| ABOUT THIS TASK |
When the listing below reaches the line that has "Demystifying Open Source", start reproducing exactly; stop after the line that has "Siluetta del paracadute", and drop the pictures.

| DATA RECORDS |
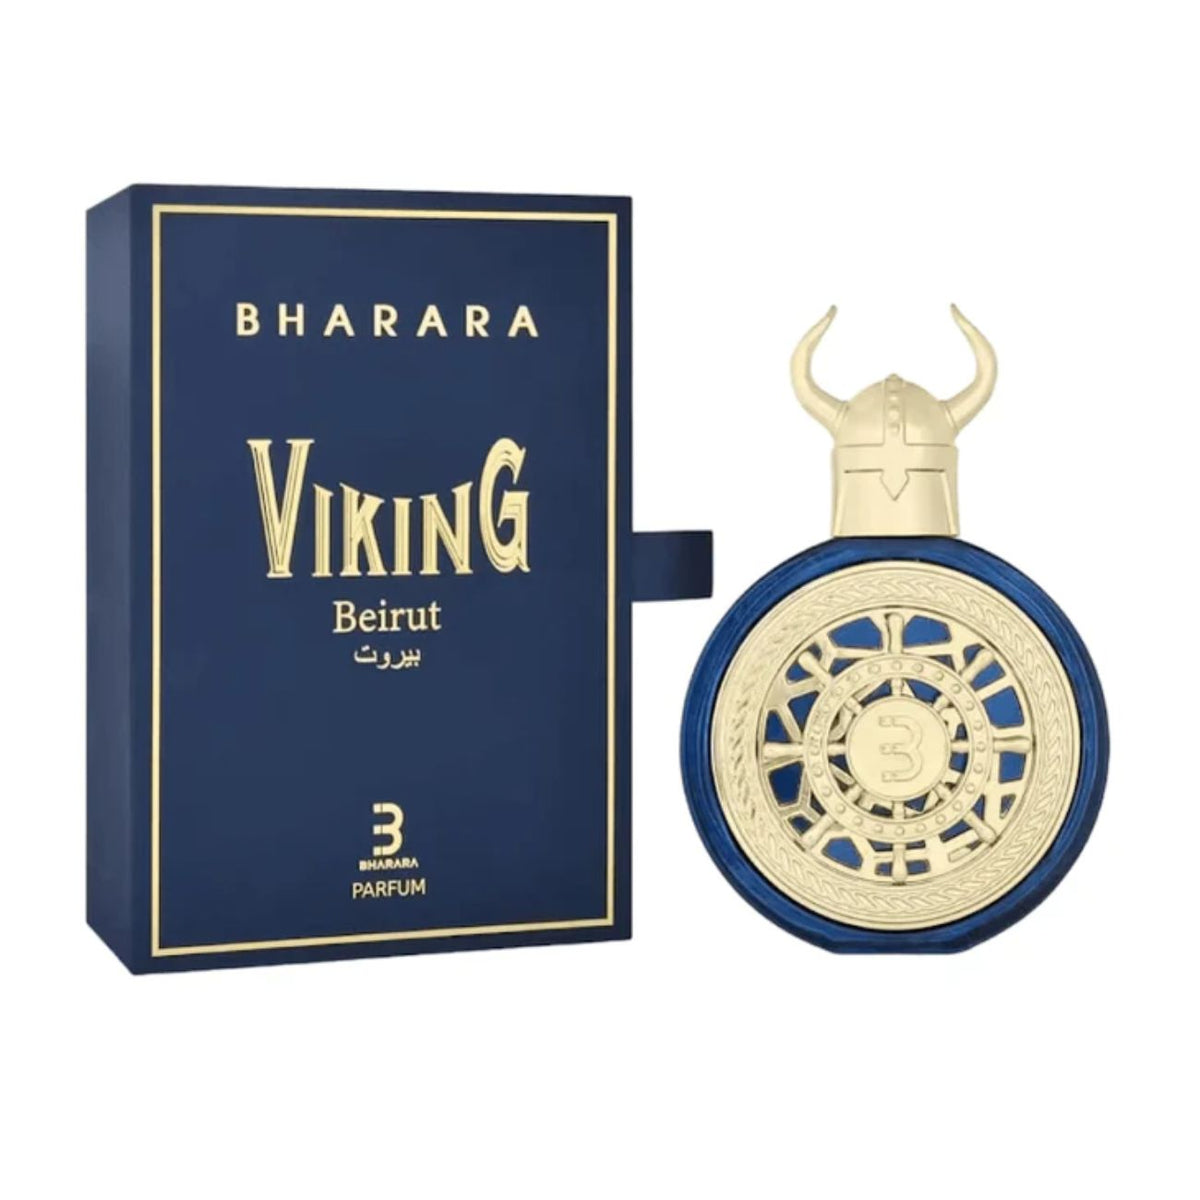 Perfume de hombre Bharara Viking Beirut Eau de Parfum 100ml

...

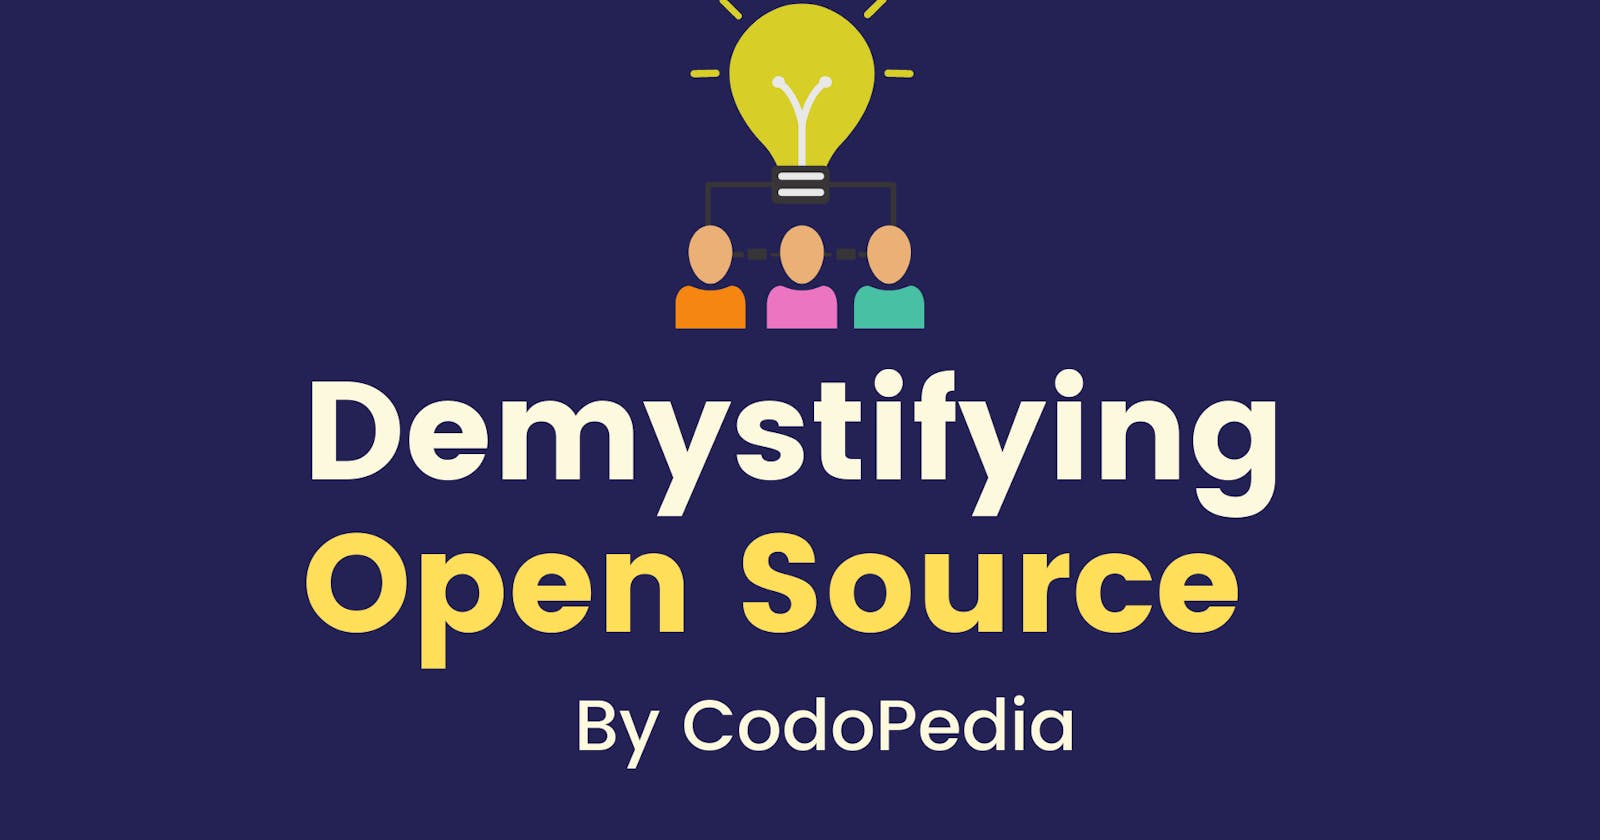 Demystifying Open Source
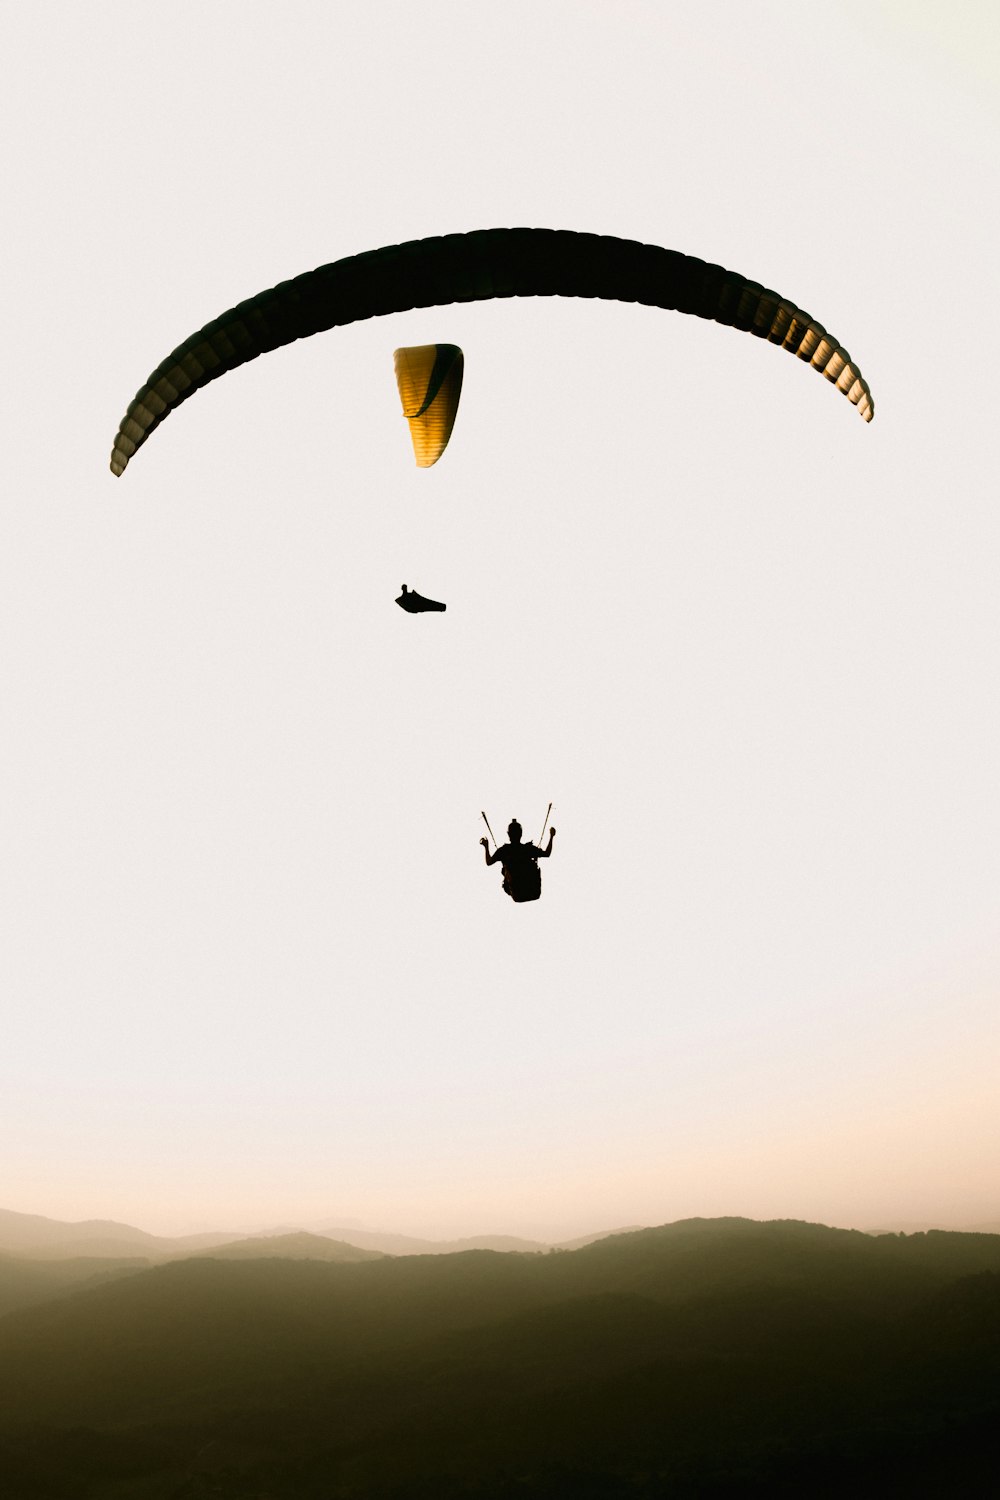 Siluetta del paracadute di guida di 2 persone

| RESPONSE FOR THIS EXERCISE |
 Demystifying Open Source
 Siluetta del paracadute di guida di 2 persone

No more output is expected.